[Stored entries]

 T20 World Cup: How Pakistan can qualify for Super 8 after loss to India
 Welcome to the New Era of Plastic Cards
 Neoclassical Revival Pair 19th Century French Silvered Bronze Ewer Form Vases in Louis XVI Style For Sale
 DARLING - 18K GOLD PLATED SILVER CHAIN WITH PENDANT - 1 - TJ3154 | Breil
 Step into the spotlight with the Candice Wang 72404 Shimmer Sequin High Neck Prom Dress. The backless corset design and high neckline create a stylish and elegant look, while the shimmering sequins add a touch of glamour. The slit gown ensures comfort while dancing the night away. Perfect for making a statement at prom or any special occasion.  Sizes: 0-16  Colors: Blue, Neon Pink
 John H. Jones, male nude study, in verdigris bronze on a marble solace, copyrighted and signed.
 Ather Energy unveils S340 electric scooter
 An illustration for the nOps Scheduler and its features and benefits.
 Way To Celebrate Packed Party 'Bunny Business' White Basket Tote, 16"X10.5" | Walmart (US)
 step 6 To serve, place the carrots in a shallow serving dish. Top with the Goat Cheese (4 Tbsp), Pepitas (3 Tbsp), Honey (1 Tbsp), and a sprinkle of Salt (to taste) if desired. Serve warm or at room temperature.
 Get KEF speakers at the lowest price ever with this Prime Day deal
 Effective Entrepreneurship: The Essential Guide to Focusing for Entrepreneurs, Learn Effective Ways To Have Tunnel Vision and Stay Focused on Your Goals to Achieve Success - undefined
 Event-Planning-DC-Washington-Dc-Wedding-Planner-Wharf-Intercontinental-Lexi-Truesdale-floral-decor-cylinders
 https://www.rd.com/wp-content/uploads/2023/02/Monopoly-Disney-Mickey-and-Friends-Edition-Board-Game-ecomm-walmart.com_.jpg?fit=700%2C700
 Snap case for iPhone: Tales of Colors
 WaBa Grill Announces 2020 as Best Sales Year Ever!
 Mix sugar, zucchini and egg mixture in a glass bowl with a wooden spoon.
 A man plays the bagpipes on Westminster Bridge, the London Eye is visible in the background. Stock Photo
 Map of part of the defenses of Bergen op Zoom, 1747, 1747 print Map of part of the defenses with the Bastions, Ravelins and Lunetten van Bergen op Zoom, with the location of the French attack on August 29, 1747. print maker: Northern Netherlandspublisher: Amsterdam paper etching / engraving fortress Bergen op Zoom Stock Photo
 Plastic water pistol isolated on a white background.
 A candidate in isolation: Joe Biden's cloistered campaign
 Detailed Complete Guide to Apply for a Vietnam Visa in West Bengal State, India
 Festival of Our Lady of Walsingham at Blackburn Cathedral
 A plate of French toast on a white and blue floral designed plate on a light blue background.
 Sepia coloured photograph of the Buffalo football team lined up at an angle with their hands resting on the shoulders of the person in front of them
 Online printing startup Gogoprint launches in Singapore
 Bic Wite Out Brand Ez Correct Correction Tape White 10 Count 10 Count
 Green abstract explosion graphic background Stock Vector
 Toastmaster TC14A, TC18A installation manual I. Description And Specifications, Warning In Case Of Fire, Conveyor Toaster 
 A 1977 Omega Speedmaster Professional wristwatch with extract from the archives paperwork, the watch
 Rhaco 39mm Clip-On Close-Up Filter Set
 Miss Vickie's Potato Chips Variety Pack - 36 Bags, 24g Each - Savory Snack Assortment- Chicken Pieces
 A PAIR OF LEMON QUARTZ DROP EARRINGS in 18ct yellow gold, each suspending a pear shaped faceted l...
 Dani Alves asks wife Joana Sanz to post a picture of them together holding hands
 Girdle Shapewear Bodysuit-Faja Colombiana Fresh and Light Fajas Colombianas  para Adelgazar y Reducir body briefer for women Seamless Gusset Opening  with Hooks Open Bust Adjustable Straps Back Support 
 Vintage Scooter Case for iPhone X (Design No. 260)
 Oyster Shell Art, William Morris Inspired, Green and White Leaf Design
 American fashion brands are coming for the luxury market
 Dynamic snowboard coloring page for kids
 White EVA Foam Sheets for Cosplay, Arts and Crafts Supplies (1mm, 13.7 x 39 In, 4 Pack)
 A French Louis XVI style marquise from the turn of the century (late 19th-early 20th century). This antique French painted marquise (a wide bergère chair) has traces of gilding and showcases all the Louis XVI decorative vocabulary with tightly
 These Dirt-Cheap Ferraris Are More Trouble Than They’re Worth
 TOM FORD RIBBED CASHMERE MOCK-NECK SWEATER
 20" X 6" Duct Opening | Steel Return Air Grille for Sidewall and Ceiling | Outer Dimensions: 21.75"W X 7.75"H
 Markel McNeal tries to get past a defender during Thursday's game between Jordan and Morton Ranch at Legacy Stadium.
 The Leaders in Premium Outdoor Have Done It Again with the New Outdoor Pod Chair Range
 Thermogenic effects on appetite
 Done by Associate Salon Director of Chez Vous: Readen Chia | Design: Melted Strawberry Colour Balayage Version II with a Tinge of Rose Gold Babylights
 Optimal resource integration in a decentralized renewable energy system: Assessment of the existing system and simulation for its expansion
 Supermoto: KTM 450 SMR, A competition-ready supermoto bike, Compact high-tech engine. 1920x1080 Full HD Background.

**WHAT THIS TASK INVOLVES**
Scan the records above for the lines holding "White EVA Foam" and "Thermogenic effects on appetite". Transcribe those two and every line between them word for word, and no others.

**ANSWER BOX**
 White EVA Foam Sheets for Cosplay, Arts and Crafts Supplies (1mm, 13.7 x 39 In, 4 Pack)
 A French Louis XVI style marquise from the turn of the century (late 19th-early 20th century). This antique French painted marquise (a wide bergère chair) has traces of gilding and showcases all the Louis XVI decorative vocabulary with tightly
 These Dirt-Cheap Ferraris Are More Trouble Than They’re Worth
 TOM FORD RIBBED CASHMERE MOCK-NECK SWEATER
 20" X 6" Duct Opening | Steel Return Air Grille for Sidewall and Ceiling | Outer Dimensions: 21.75"W X 7.75"H
 Markel McNeal tries to get past a defender during Thursday's game between Jordan and Morton Ranch at Legacy Stadium.
 The Leaders in Premium Outdoor Have Done It Again with the New Outdoor Pod Chair Range
 Thermogenic effects on appetite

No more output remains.